あぁ、駄目だ。捕まえるとか、情報を聞き出すとか……もう、生ぬるい。
この邪悪だけは、今すぐに殺さないと。
血液が沸騰する。思考が冷たくなり、視界が白黒となって世界が遅くなる。
剣を強く握り、超速でアレルドに迫った。
アレルドも剣技で応戦してくる。
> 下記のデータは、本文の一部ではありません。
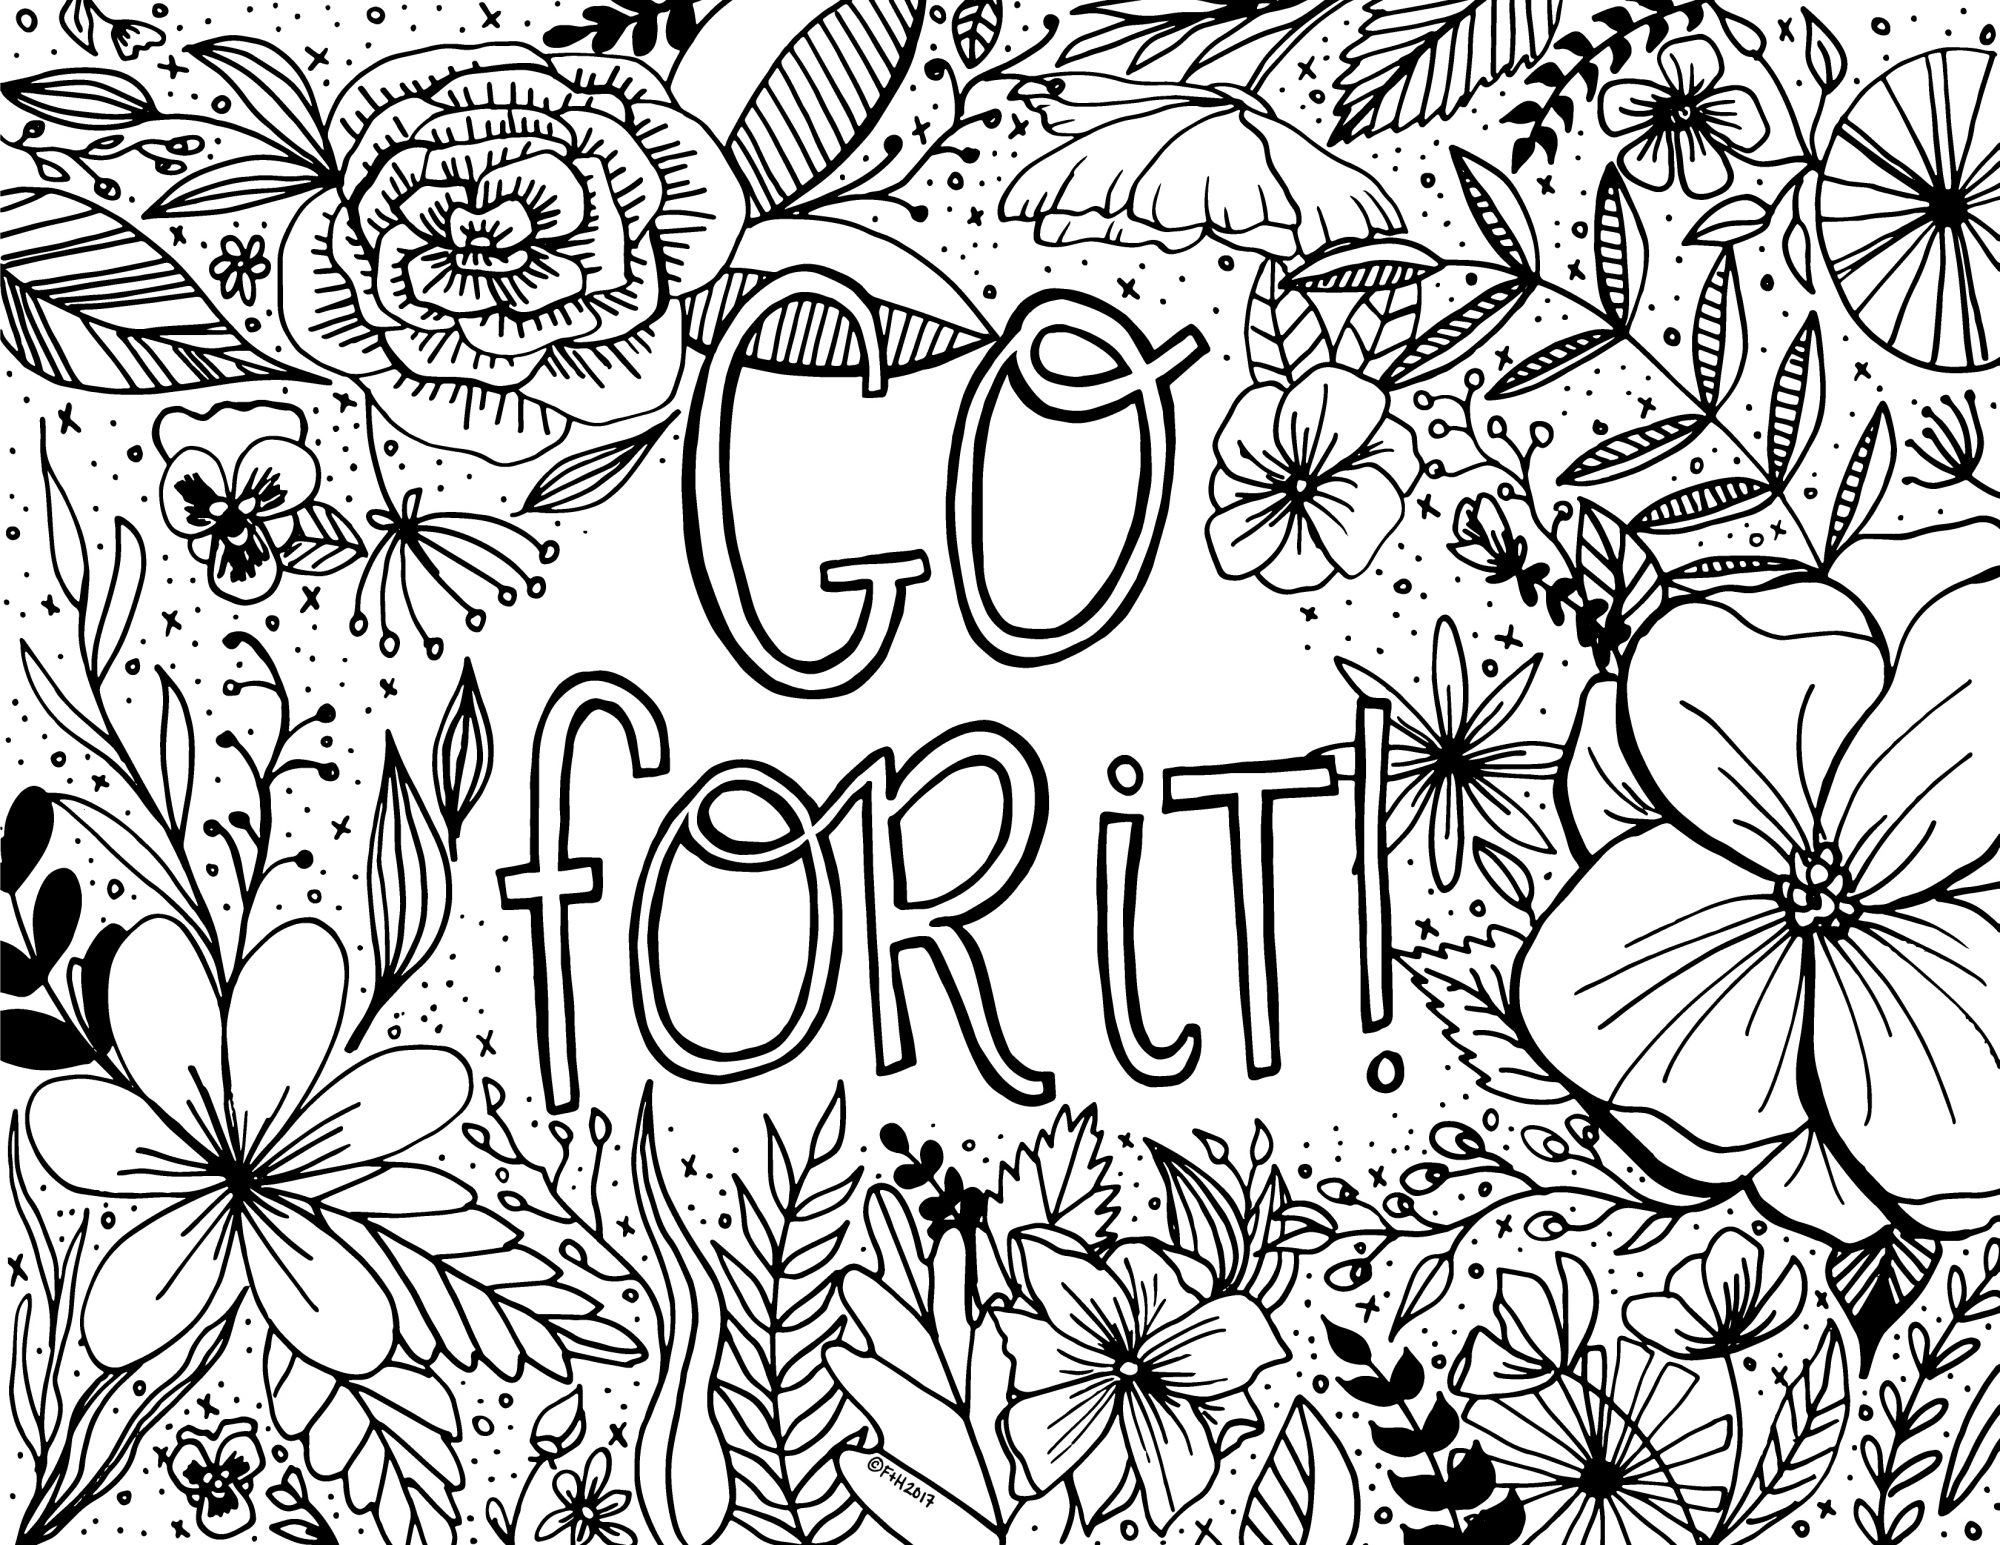 Coloring Pages : Printable Coloring Pictures Free Encouragement Page - Free Printable Coloring Pages

が……今の俺からしたら、遅い。
瞬きする間に間合いに入り、奴の腕を斬り飛ばした。
「……は……ああああああああああ!? わっ、私の腕があああああああああああ!? ほげべ!」
アレルドの顔面に思い切り蹴りを食らわせ、前歯と鼻を折った。
「腕程度で騒ぐな。黙れ」
この子供たちは……いったい、どれ程の苦痛を受けたのか、想像すらできない。
この子たちに比べたら、痛みを覚えられるだけ、まだマシだろう。
と、ギドーがまた咆哮を上げ、俺に突進してきた。
それしか能がないのか、テメェは。
振り下ろされた両腕を、剣の腹と腕で防ぐ。
地面が陥没するほどのパワーだが……。
「クルス教官の拳の方が、重ぇよ」
「ガッ!?」
脇腹に蹴りを入れ、同時に体を回転させてギドーの胴体を斜めに斬り裂いた。
「おっ……うほっ……!」
「う、でぇ……私の、腕がぁ……!」
血を流し、膝をつく二人。
アレルドはまだ動けそうだが、ギドーは今の一撃でかなり深く傷ついている。こっちは、このまま放置で失血死だな。
もちろん、この程度では済まさないぞ。